##### STUDY MATERIAL #####

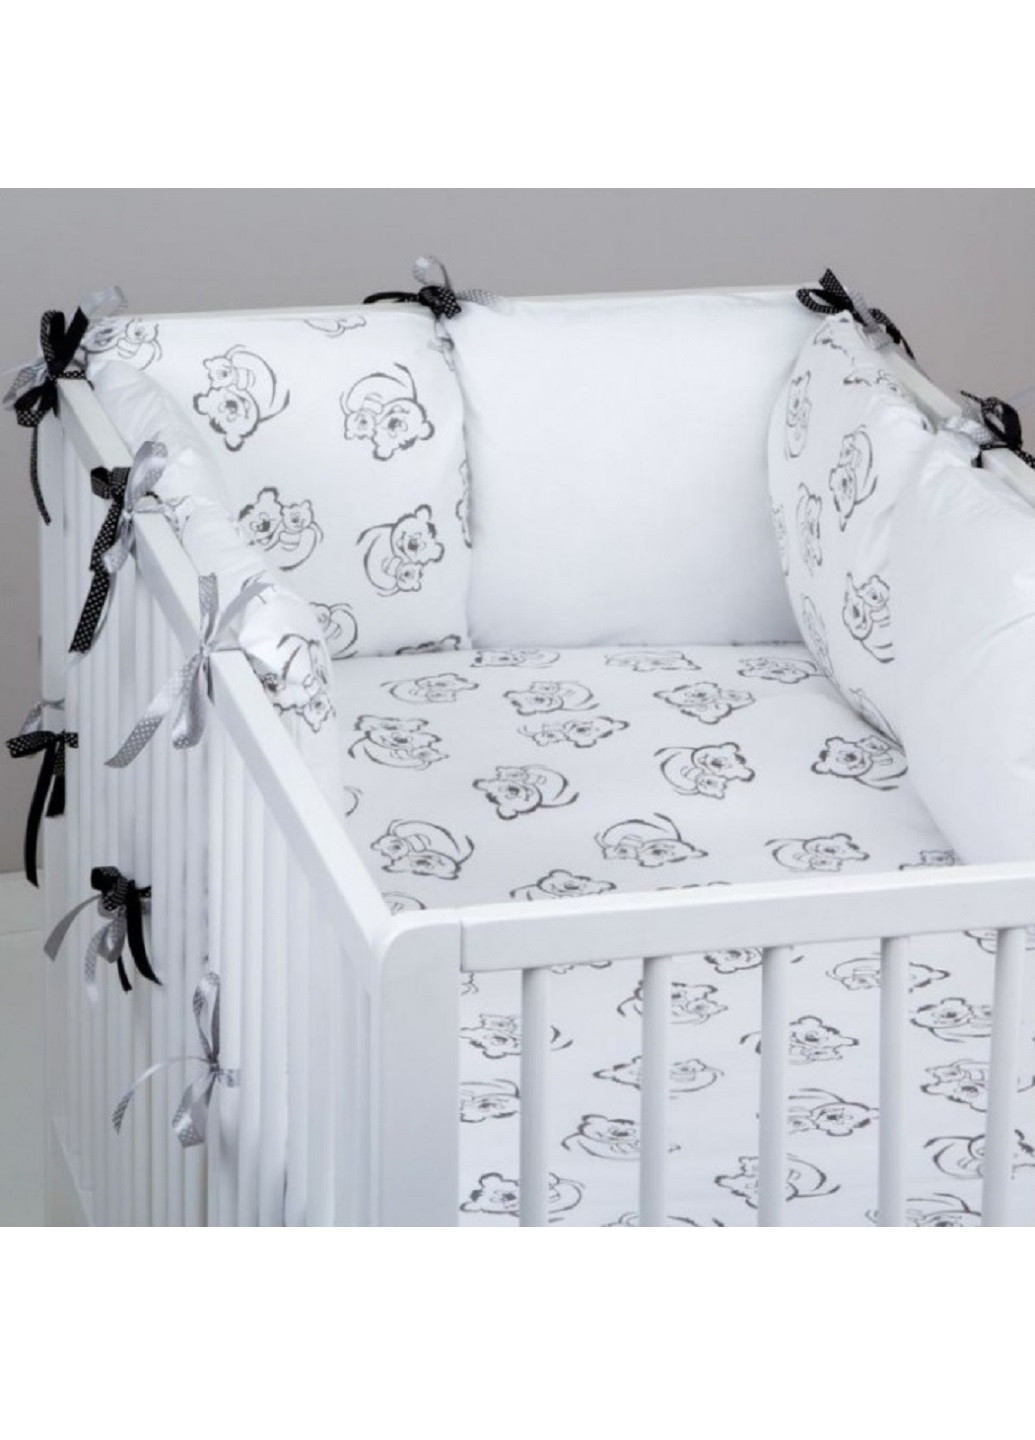 Комплект в детскую кроватку кровать люльку набор бортики защита по всему периметру постельное белье ручной работы (286312-Нов) Unbranded (253264671)
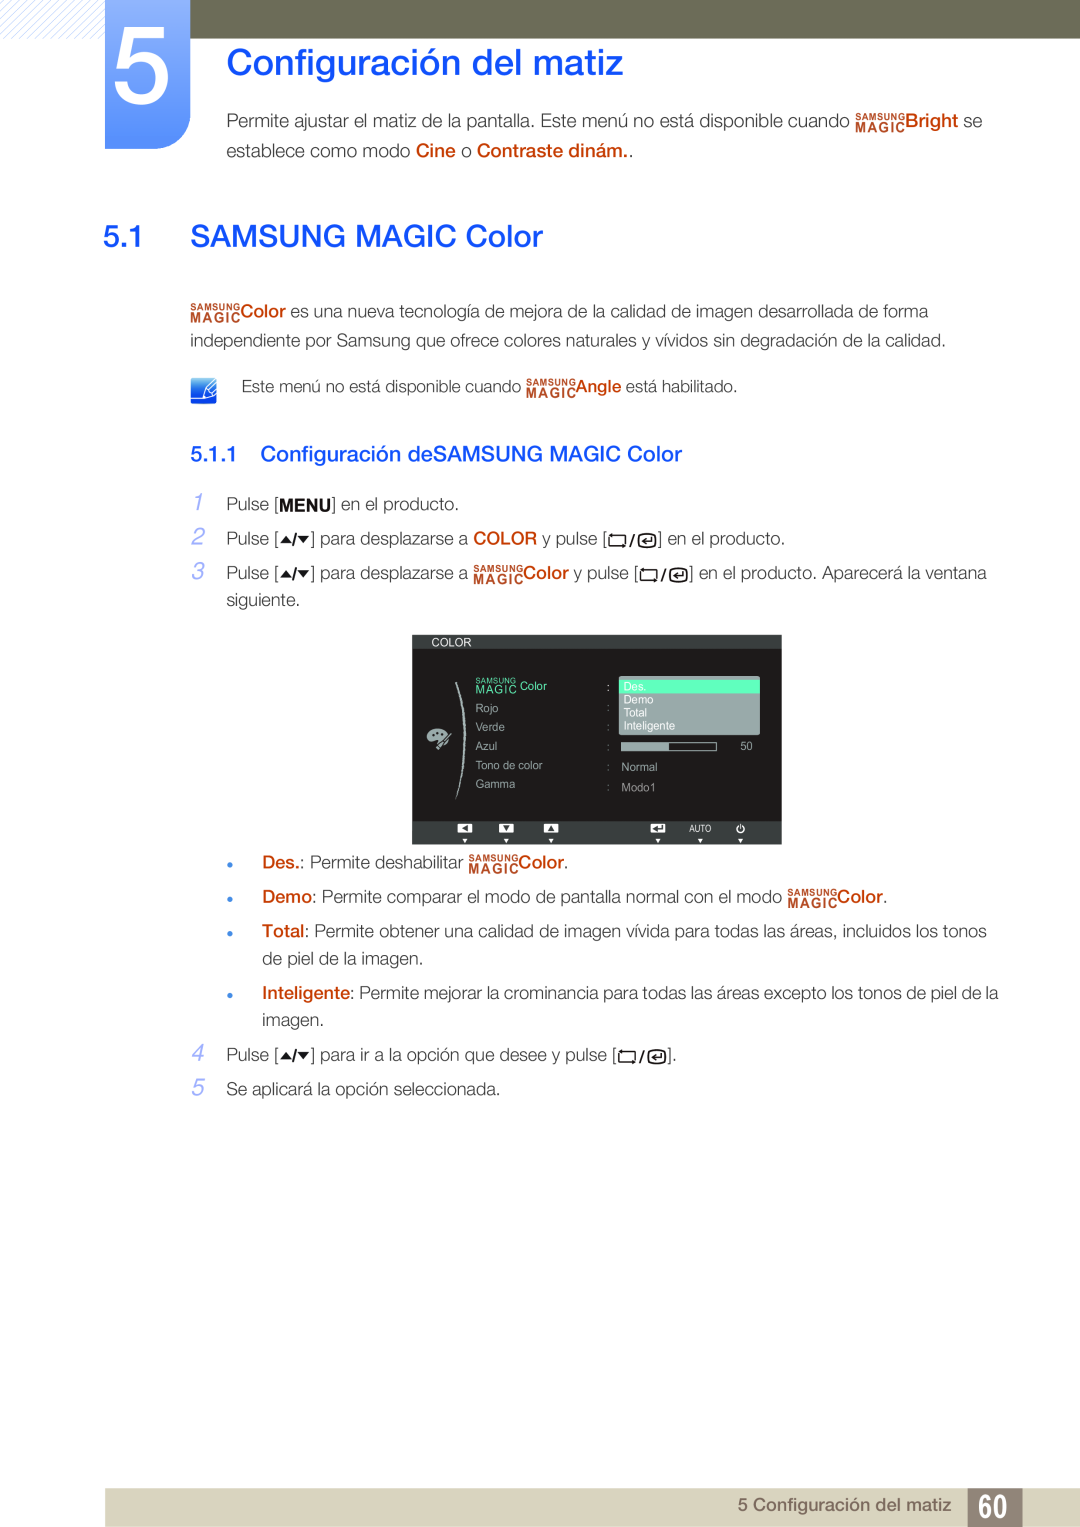 Samsung LF24TSWTBDN/EN, LF19TSWTBDN/EN, LF22TSWTBDN/EN Configuración del matiz, Configuración deSAMSUNG MAGIC Color 
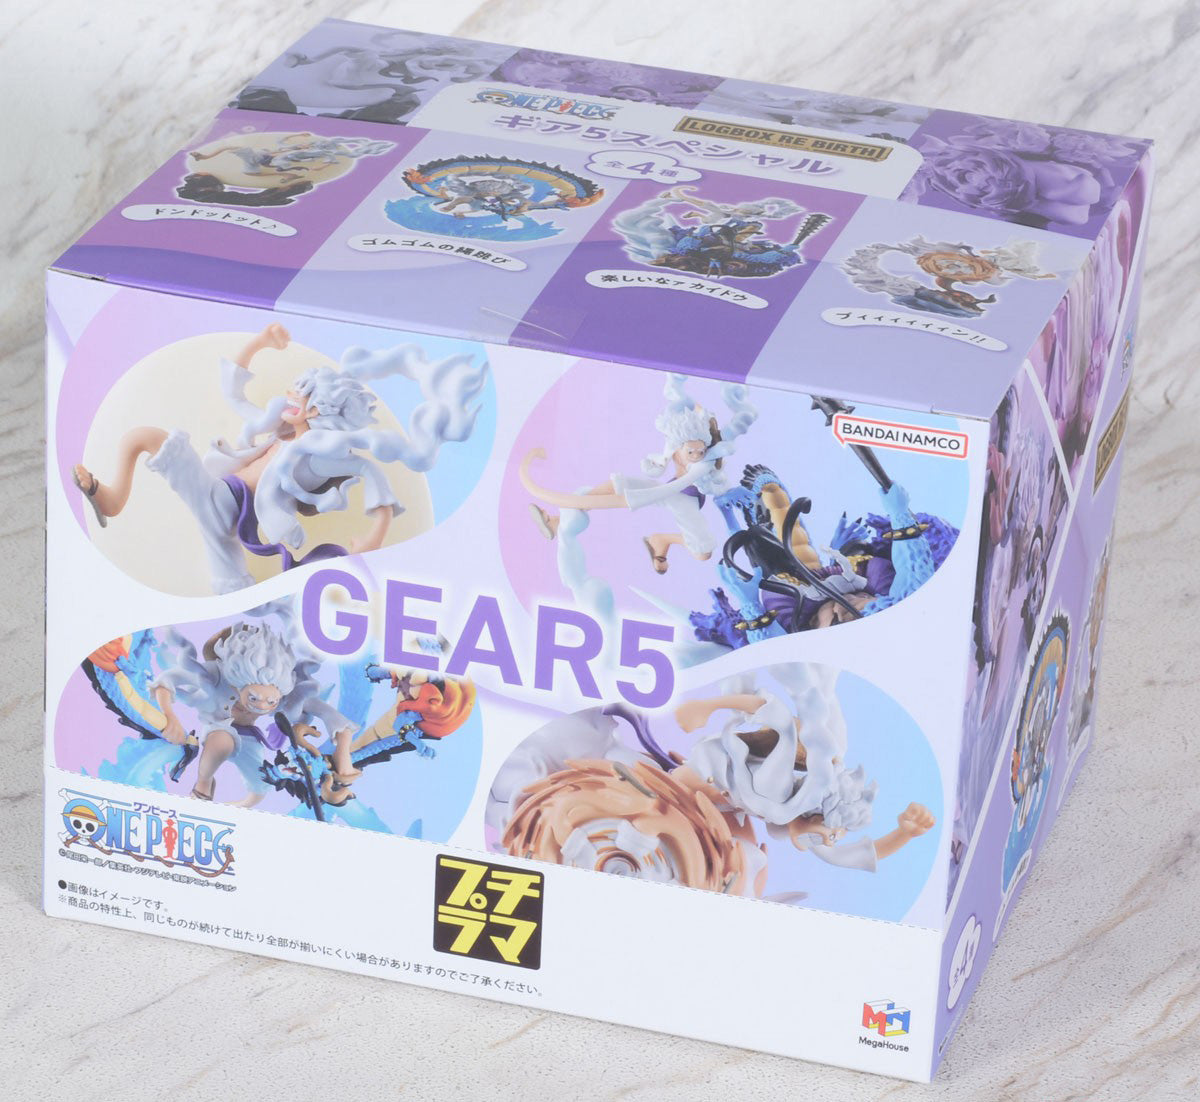 LOGBOX RE BIRTH Gear 5 Special (Box, 4 pcs)
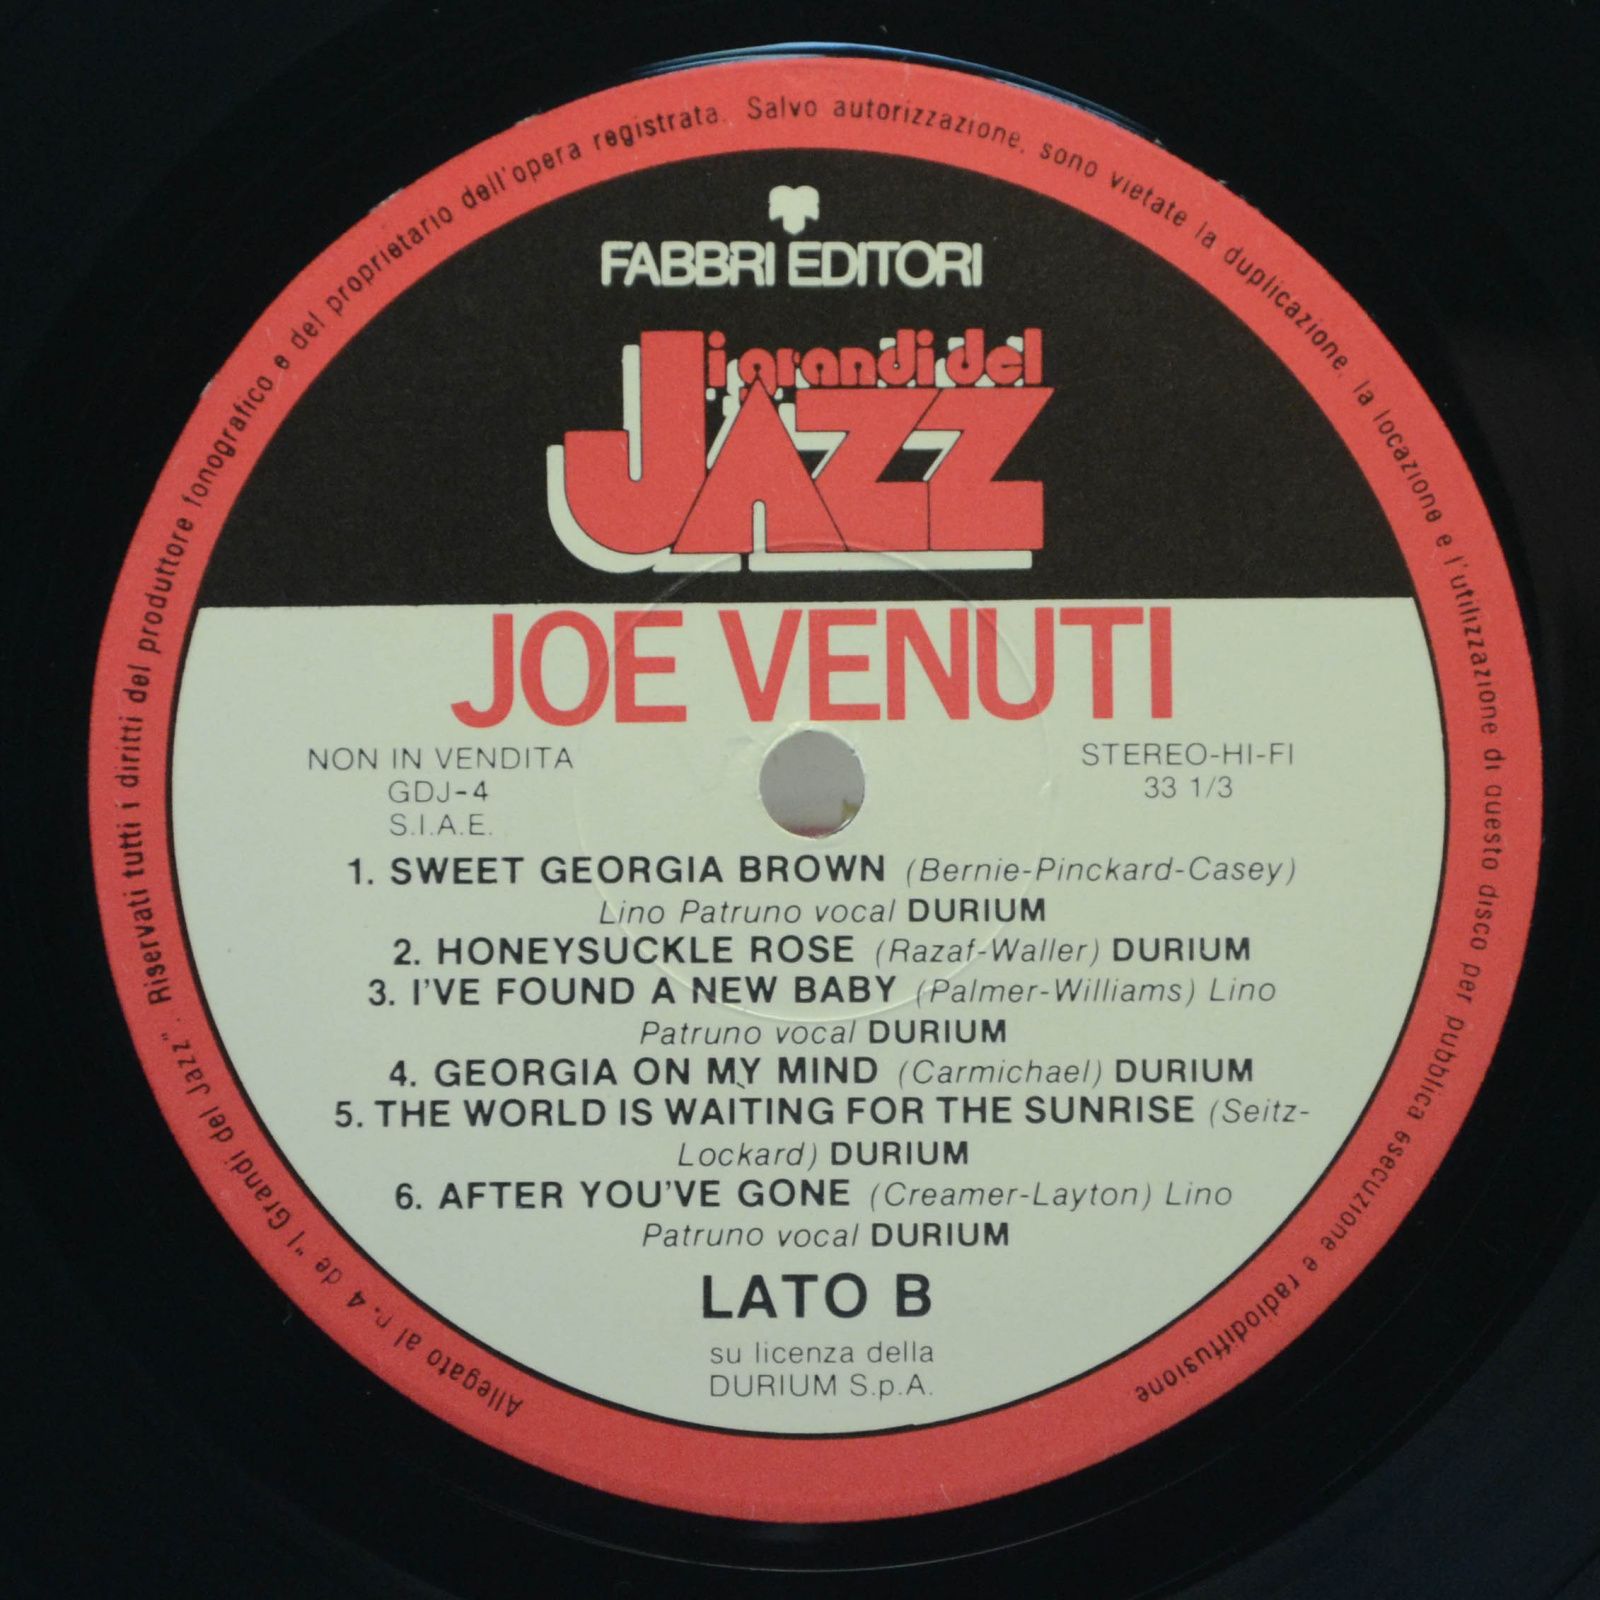 Joe Venuti — Joe Venuti, 1981
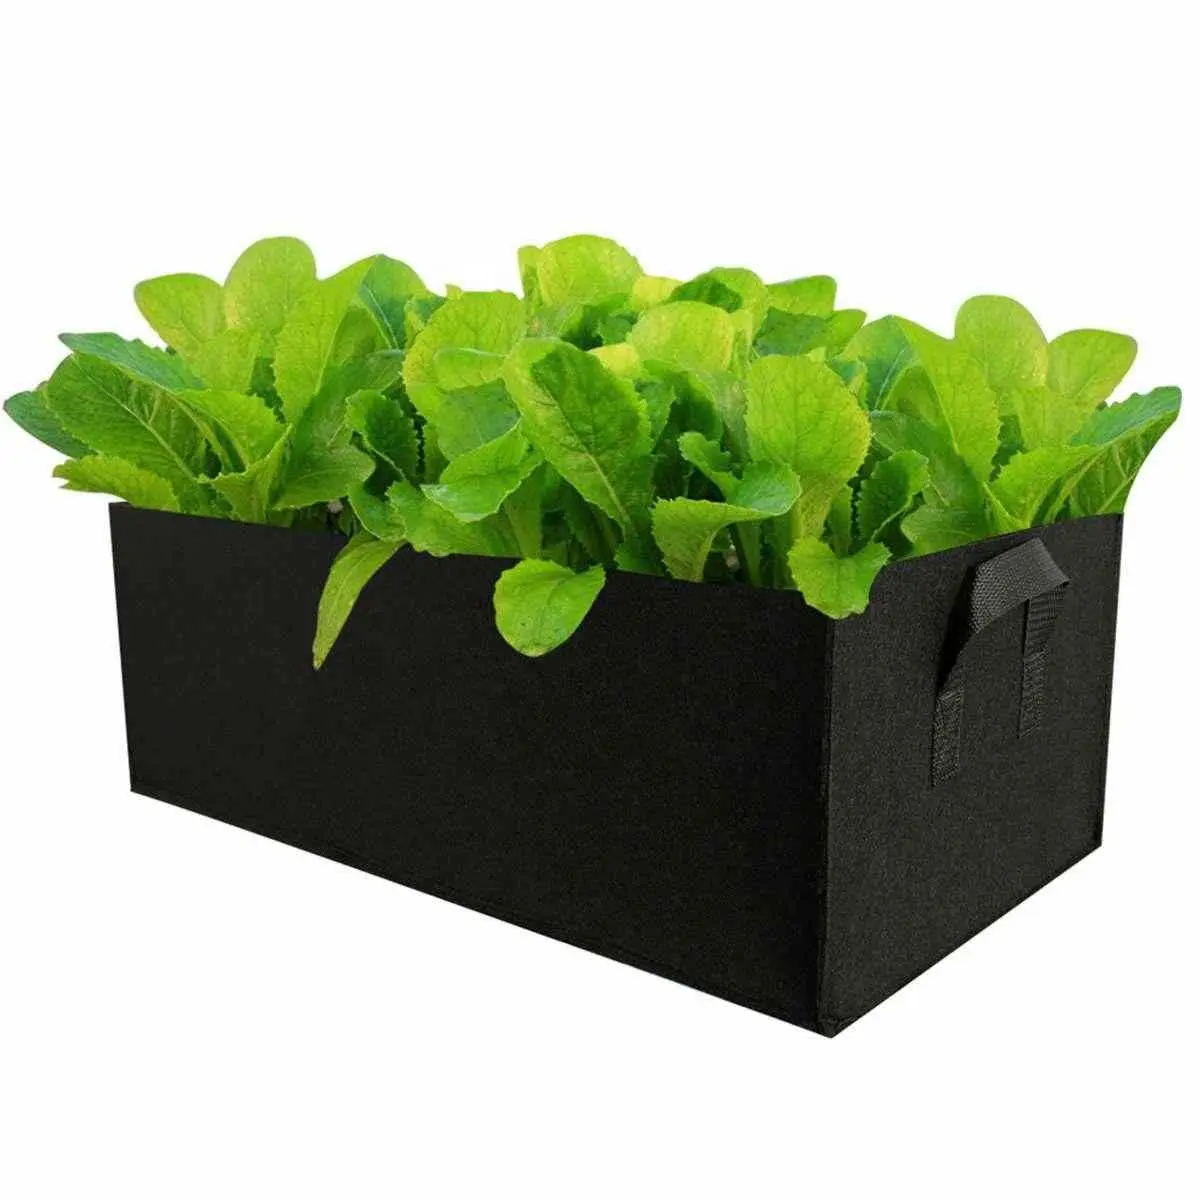 Plant Grow Bag Diy Aardappel Groente Groeien Planter Milieuvriendelijke Niet-geweven Stof Tomaat Planten Container Bag Tuin Pot

#####

▶ _ABOUT THIS TASK_
Should a record include a picture, omit it from your copy and return the rest unchanged.

▶ _OUTPUT BELOW_
 Комплект в детскую кроватку кровать люльку набор бортики защита по всему периметру постельное белье ручной работы (286312-Нов) Unbranded (253264671)
 Samsung LF24TSWTBDN/EN, LF19TSWTBDN/EN, LF22TSWTBDN/EN Configuración del matiz, Configuración deSAMSUNG MAGIC Color 
 LOGBOX RE BIRTH Gear 5 Special (Box, 4 pcs)
 Joe Venuti — Joe Venuti, 1981
 Plant Grow Bag Diy Aardappel Groente Groeien Planter Milieuvriendelijke Niet-geweven Stof Tomaat Planten Container Bag Tuin Pot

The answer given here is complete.